Along the way, we developed AI to understand and process billions of travel photos in a quick, cheap manner. Google was interested in being able to efficiently turn photos and location information into recommendations, and they bought Jetpac.

 

What were the biggest challenges in scaling? 

Acquiring the first customers is all about listening to their wants, and identifying which magic moments you can create for them, that others can’t or won’t. The biggest challenge in scaling is maintaining these happy customers and employees at speed. If you manage that, keeping investors happy is a lot easier! You need the best team to be able to move fast. Good technology scales better than people.

 

An acquisition by Google

When Google bought Jetpac, the opportunity to work on the most important problems with great people at Google and X – The Moonshot Factory, kept me there longer than I expected. I learned a lot about AI and how to build and operate AI products running Computer Vision products at Google. I moved to X to build Moonshots, trying to benefit billions of people. I learned a lot about applying the latest AI research in practical ways to real problems. I benefited from the rigorous thinking about de-risking projects, and how to run cheap experiments to quickly discover if the most important part of an idea will not work. Being at X was like seeing into a crystal ball of the next 20 years of startup activity, as the disruptive technologies we evaluated and developed move from applied research to the current tech stack.

 

Challenges of being a serial founder and how you’ve overcome these?

As a serial founder, you have to work smarter and harder on the things that really matter. You are fortunate to be able to attract co-workers, investors, and a network of people who will try your new products. Being disciplined in parsing through the compliments to get to the real moments of customer truth is what connects you with the real value that you can add. It’s also good to be lucky.

 

Following my roles at Google and at X – The Moonshot Factory, I founded Headroom. We were fortunate to have an insight that the future of work lay in leveraging the information generated in meetings, which became more obvious and important as Covid-19 forced everyone into remote meetings. We were lucky that we had the skills to invent cutting edge real-time AI on live communication streams to automate meeting and human understanding – transcription, video highlight reel summarization, and action item identification. It was helpful that existing video-conferencing services were unable to easily re-architect to enable real-time AI. 

 

Putting this together with the revolution in Natural Language Processing helped us provide something differentiated that companies really needed, at the right time. It has changed the way we work. It would be strange to go back to a time when you couldn’t search all of your meetings to revisit and share clips and insights.

 

Serial founders sometimes have threads running throughout their ventures. In mine, there are 80s influences on my company names. Jetpac was a game I played on my first computer (a ZX Spectrum with 16KB of memory) and (Max) Headroom was an 80s fictional character!

 

Do you have any advice for future founders in your field?

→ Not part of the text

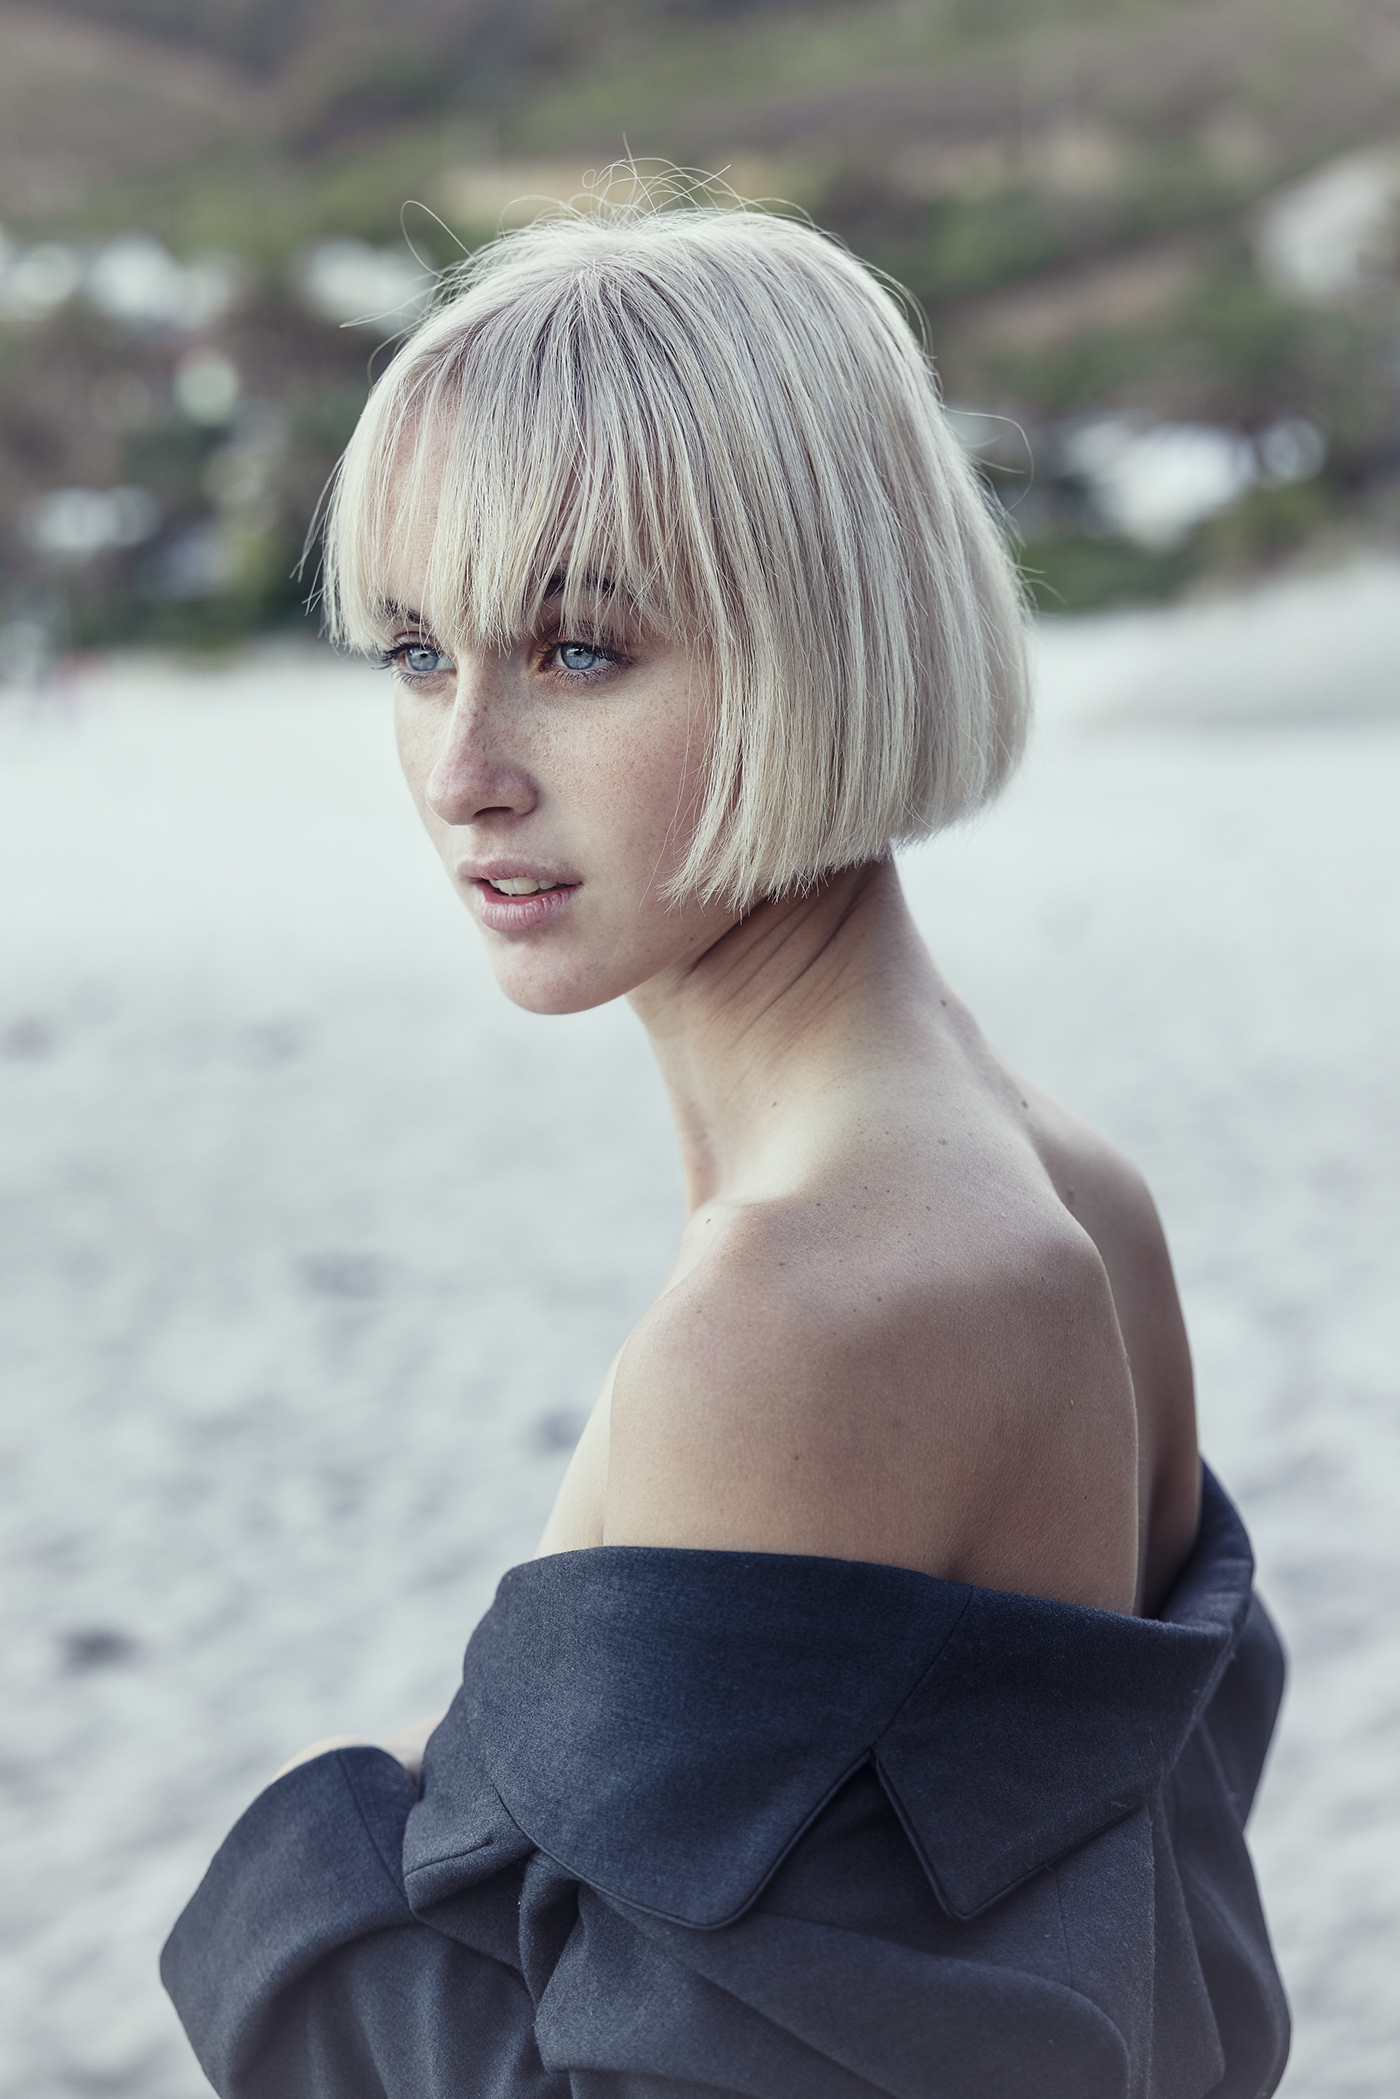 cape town model Fashion  beach photoshoot editorial blonde girls woman beauty

  1. Practice noticing things that are broken, and wondering how to fix them.
  2. Listen carefully to people to understand underlying truths.
  3. Be curious about new things.

 

On a closing note, what’s the best business book you’ve read?

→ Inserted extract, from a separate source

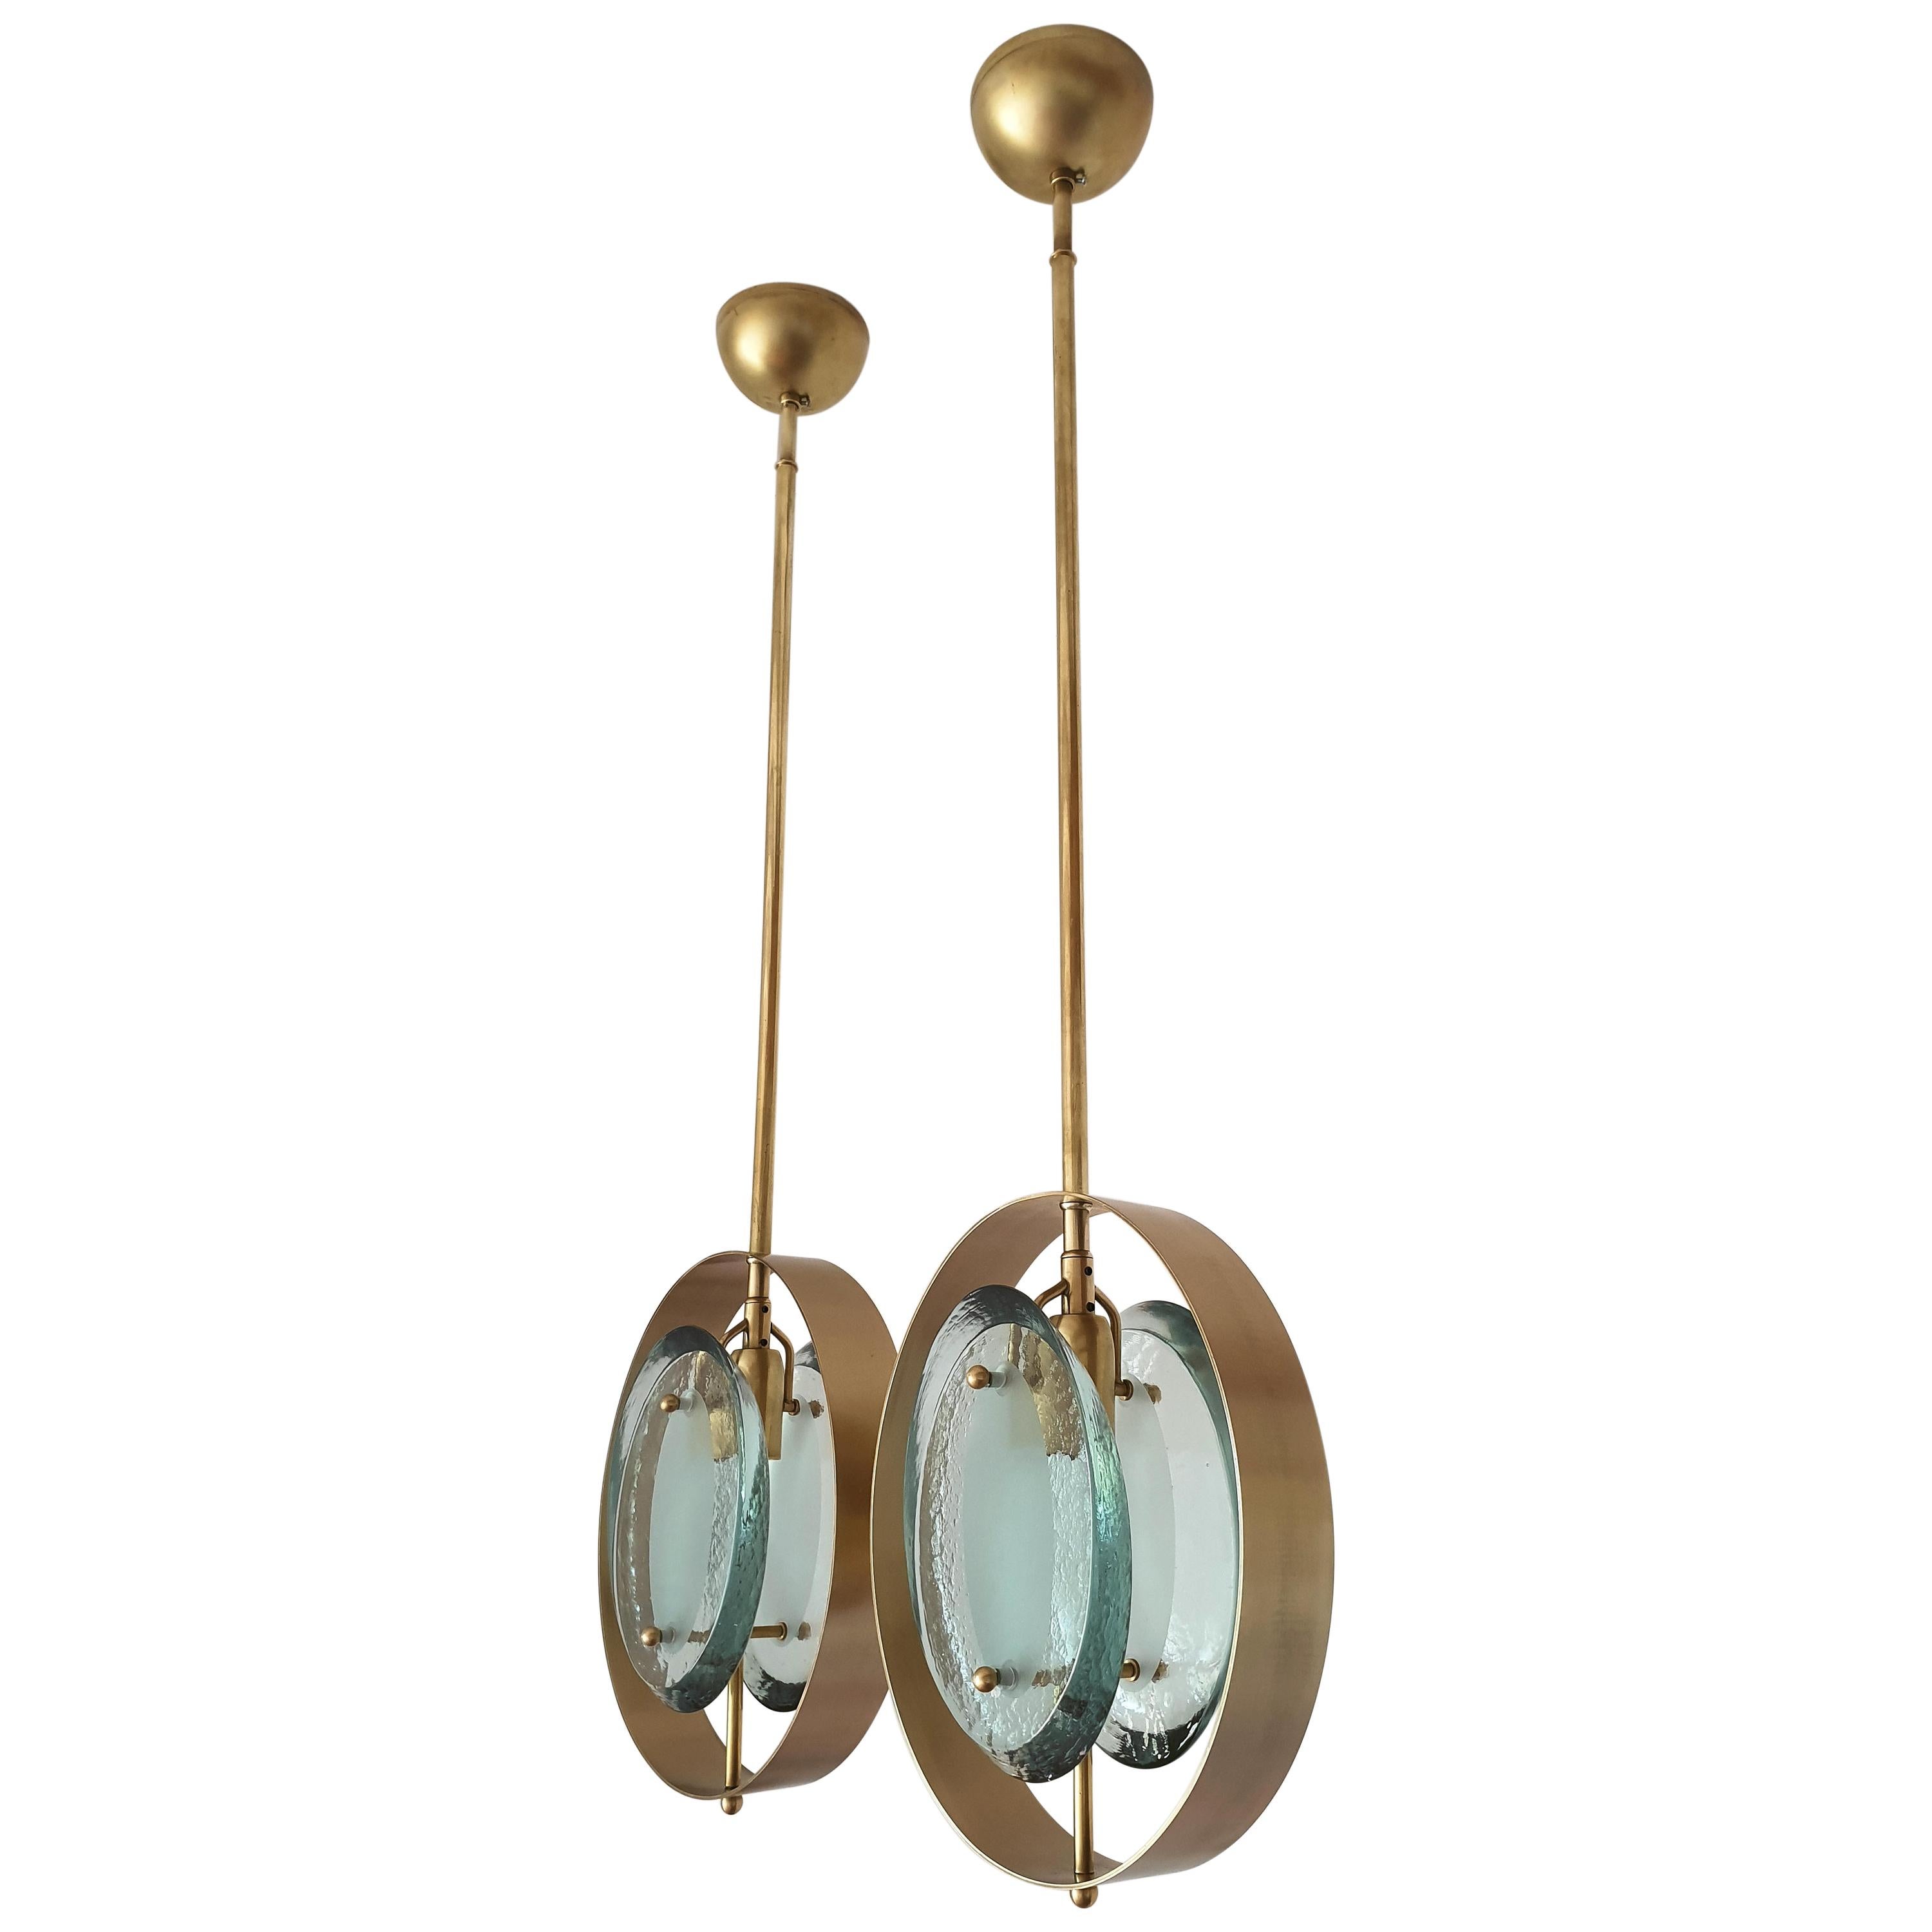 Italian Pair of Mid-Century Modern Max Ingrand Style Brass and Glass Pendants, 1960s

I often find business books very dry. The best contain fun stories that you can learn from. 

  1. The Innovator’s Dilemma is a classic that provides some answers to the continuing conundrum that startups are able to move faster and create more value than larger incumbents.
  2. Guy Raz manages to get interesting entrepreneurs to open up to tell their stories in his podcast How I Built This.
  3. If you are in the business of inventing the future, science fiction is a great playground of ideas. We can only invent what we can imagine. I have enjoyed all of Neal Stephenson’s books, from Snow Crash (in which he coined the metaverse) and recently read his exploration of our future climate challenges and the potential role of Dutch royals – Termination Shock.